The RHF is an external magnetic field which can improve the tokamak plasma confinement. In the IR-T1, this field is produced by two winding with optimized geometry conductors wound externally around the tokamak chamber with a given helicity. The minor radius of these helical windings are 21 cm (L=2, n=1) and 22cm (L=3, n=1) and also major radius is 50 cm (see fig 6).

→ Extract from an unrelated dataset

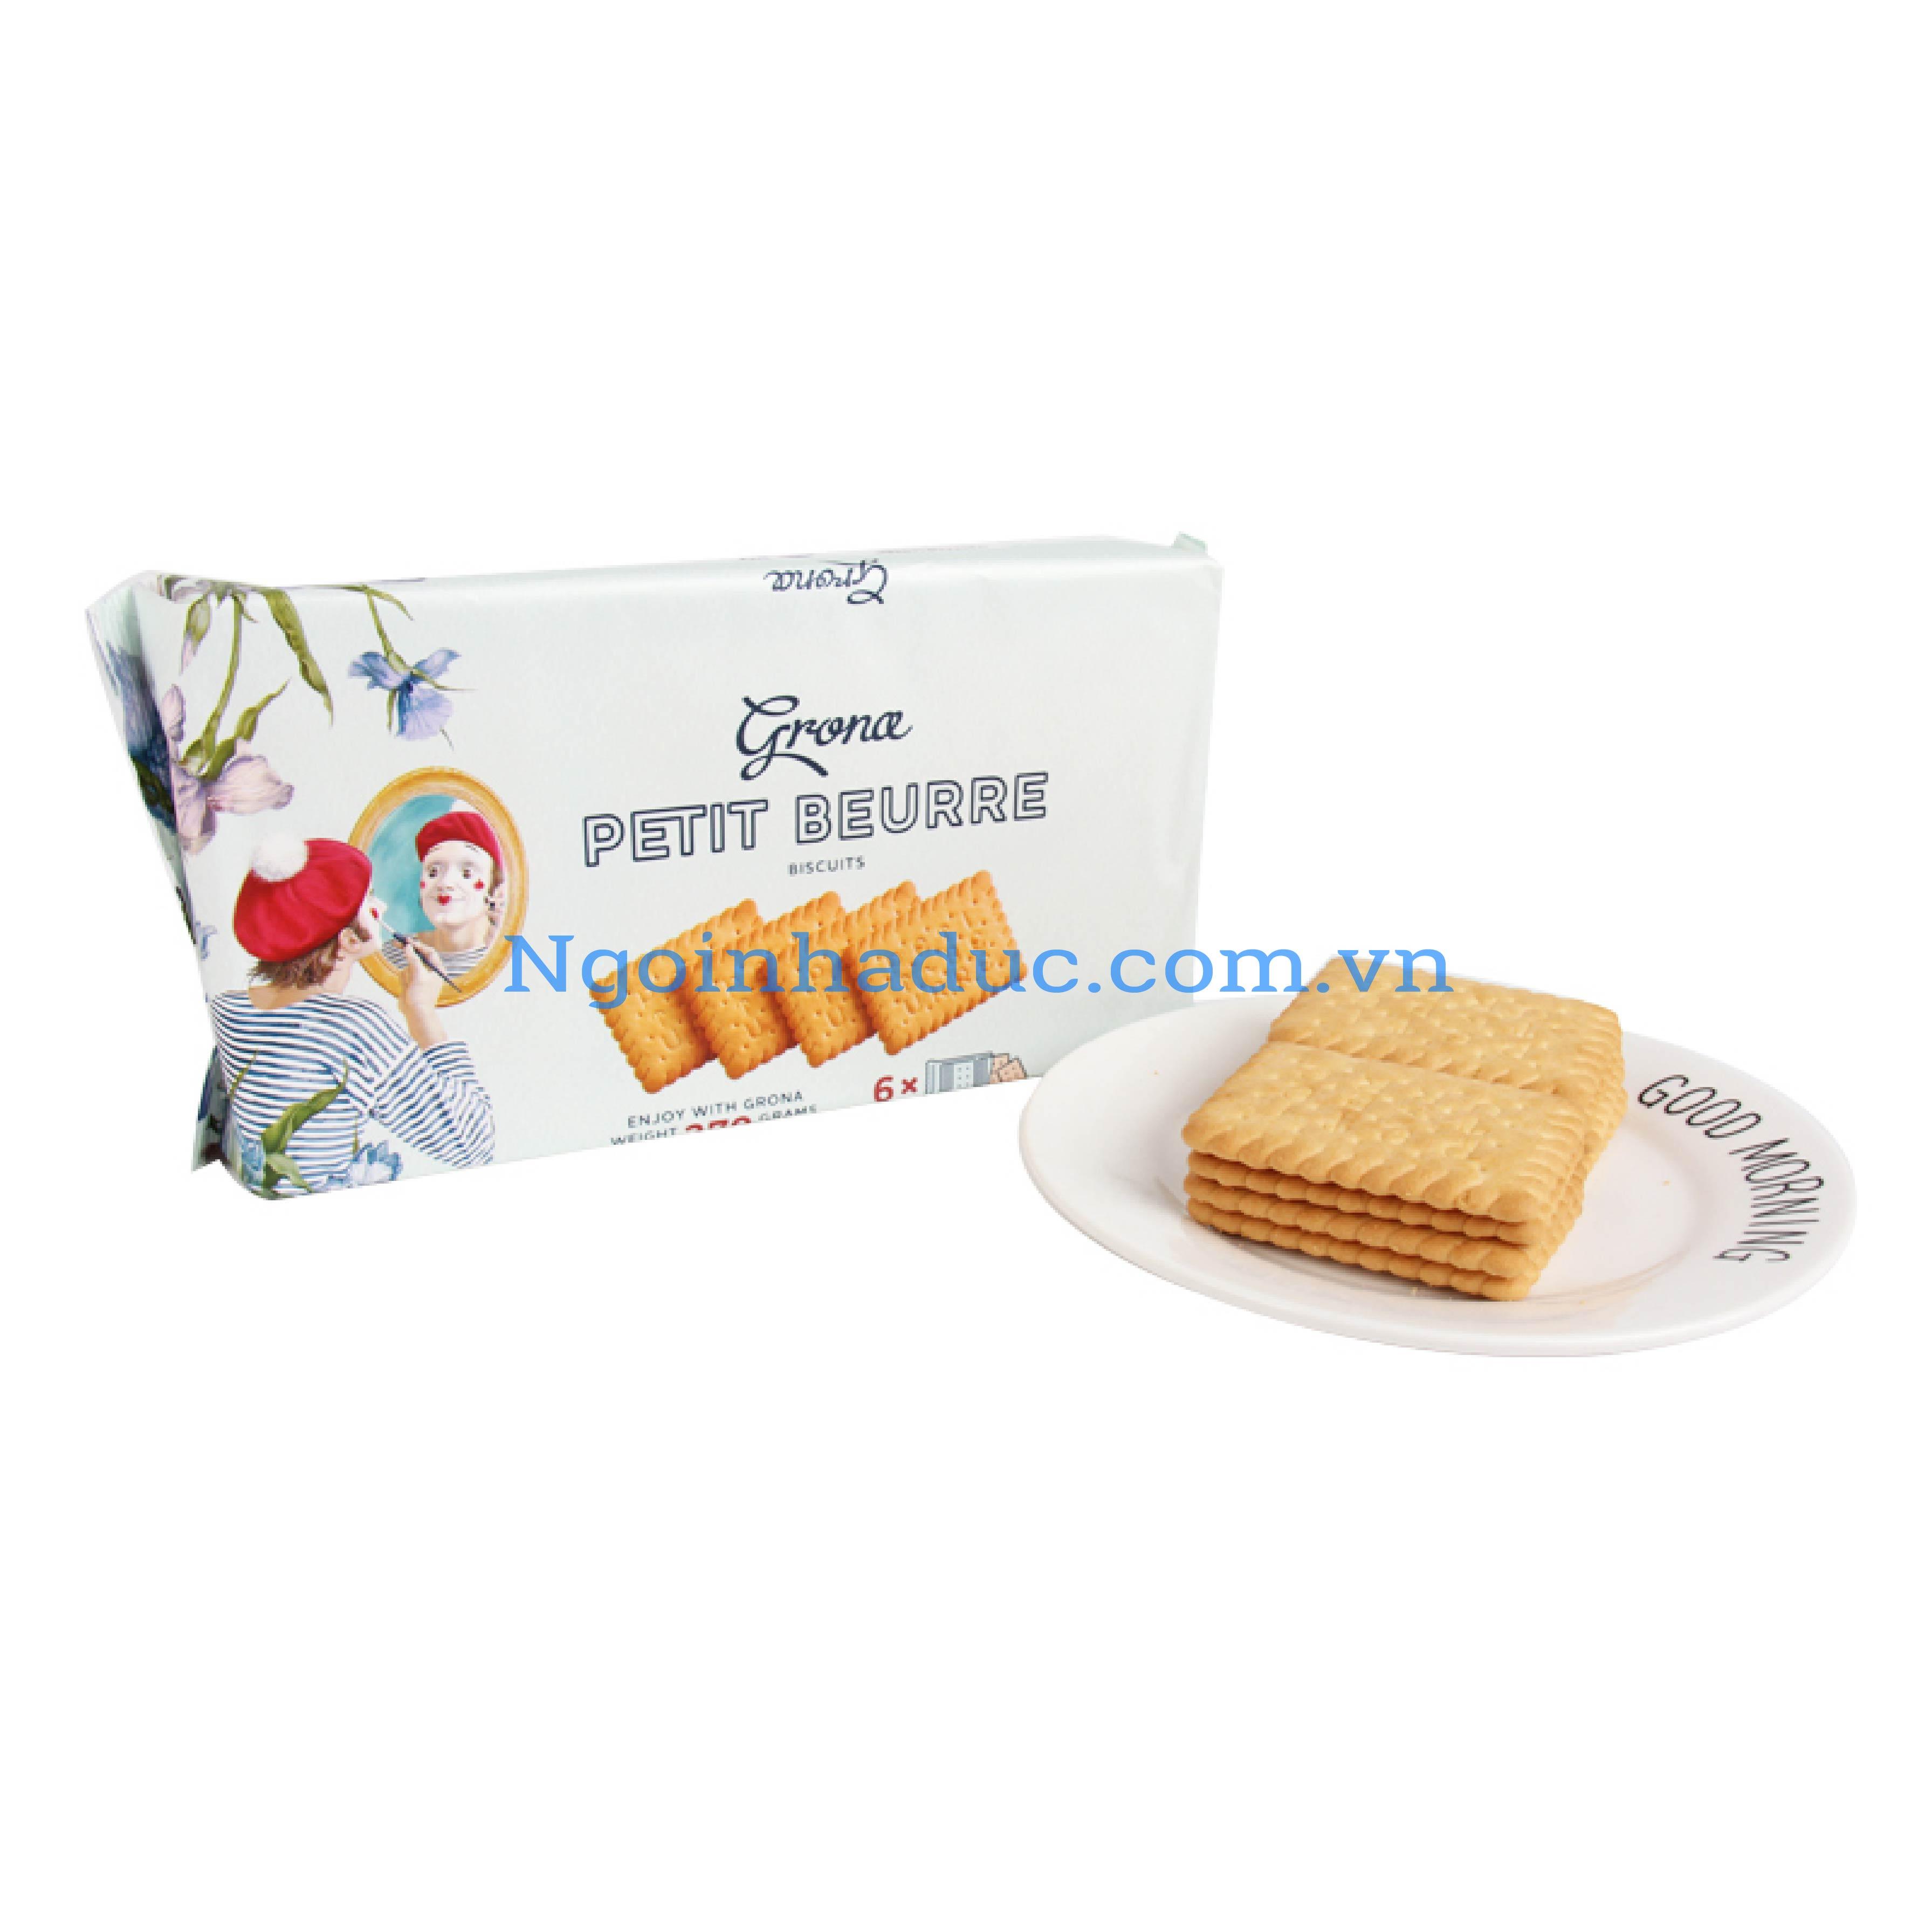 Bánh quy Grona Petit Beurre 279g (Nga)

In this experiment, the current through the helical windings was between 200 and 300A, which is very low compared with the plasma current (32KA).
Figure 7. Positions of the RHF coils (L=2 and L=3modes) on outer surface of the IR-T1 tokamak chamber
We investigate the effects of RHF on plasma modes in presence of L=2, L=3, and L=2&3 modes, on IR-T1 plasma separately (see Figs 8-10).
In these diagrams we investigate the effects of RHF on mode number of plasma. We show that in presence of RHF especially for L=2 and L=2 mode number become less and improvement. In this section we investigate the effects of RHF on plasma parameters, and measure these in presence of L=2, L=3 and L=2&3 modes on IR-T1 plasma (see Fig 11, 12, 13).
As we show in presence of RHF the plasma parameters can improvement the properties of plasma confinement time with flatting plasma current and increasing plasma resistance and energy confinement time.
Figure 8. Cross section of plasma with RHF L=2. a) cross section of plasma at time duration at 20.0-21.0 ms with mode number m=3; b) cross section of plasma at time duration at 23.0-24.0ms with mode number m=3; c) cross section of plasma at time duration at 26.0-27.0ms with mode number m=4
Figure 9. Cross section of plasma with RHF L=3. a) cross section of plasma at time duration at 19.0-20.0 ms with mode number m=4; b) cross section of plasma at time duration at 23.0-24.0 ms with mode number m=3; c) cross section of plasma at time duration at 26.0-27.0ms with mode number m=3
Figure 10. Cross section of plasma with RHF L=2&3. a) cross section of plasma at time duration at 20.0-21.0 ms with mode number m=4; b) cross section of plasma at time duration at 23.0-24.0 ms with mode number m=4; c) cross section of plasma at time duration at 26.0-27.0ms with mode number m=3
Figure 11. (a) plasma current, (b) loop voltage, (c) plasma resistance, (d) poloidal beta, (e) energy confinement time in RHF (L=2)
Figure 12. (a) plasma current, (b) loop voltage, (c) plasma resistance, (d) poloidal beta, (e) energy confinement time in RHF (L=3)
Figure 13. (a) plasma current, (b) loop voltage, (c) plasma resistance, (d) poloidal beta, (e) energy confinement time in RHF (L=2&3)

5. Summary and Discussion

In this paper we presented the effects of emissive limiter biasing and RHF on the plasma modes and plasma parameters. For this purpose a hot limiter biasing constructed and installed on the IR-T1 tokamak and then the positive voltage applied to limiter inserted inside the tokamak, and modes number of plasma and plasma parameters in the absence and presence of hot limiter biasing were measured. We plotted the polar diagram of the magnetic field fluctuations using FFT analysis on the poloidal array of Mirnov coils. Also we investigate the effects of RHF on the modes number and plasma parameters we measured it, with introducing of different modes of the RHF (L=2, L=3, L=2&3). Results show that hot limiter biasing and RHF with can decrease the plasma fluctuations consequently mode number decrease and plasma parameters improvement.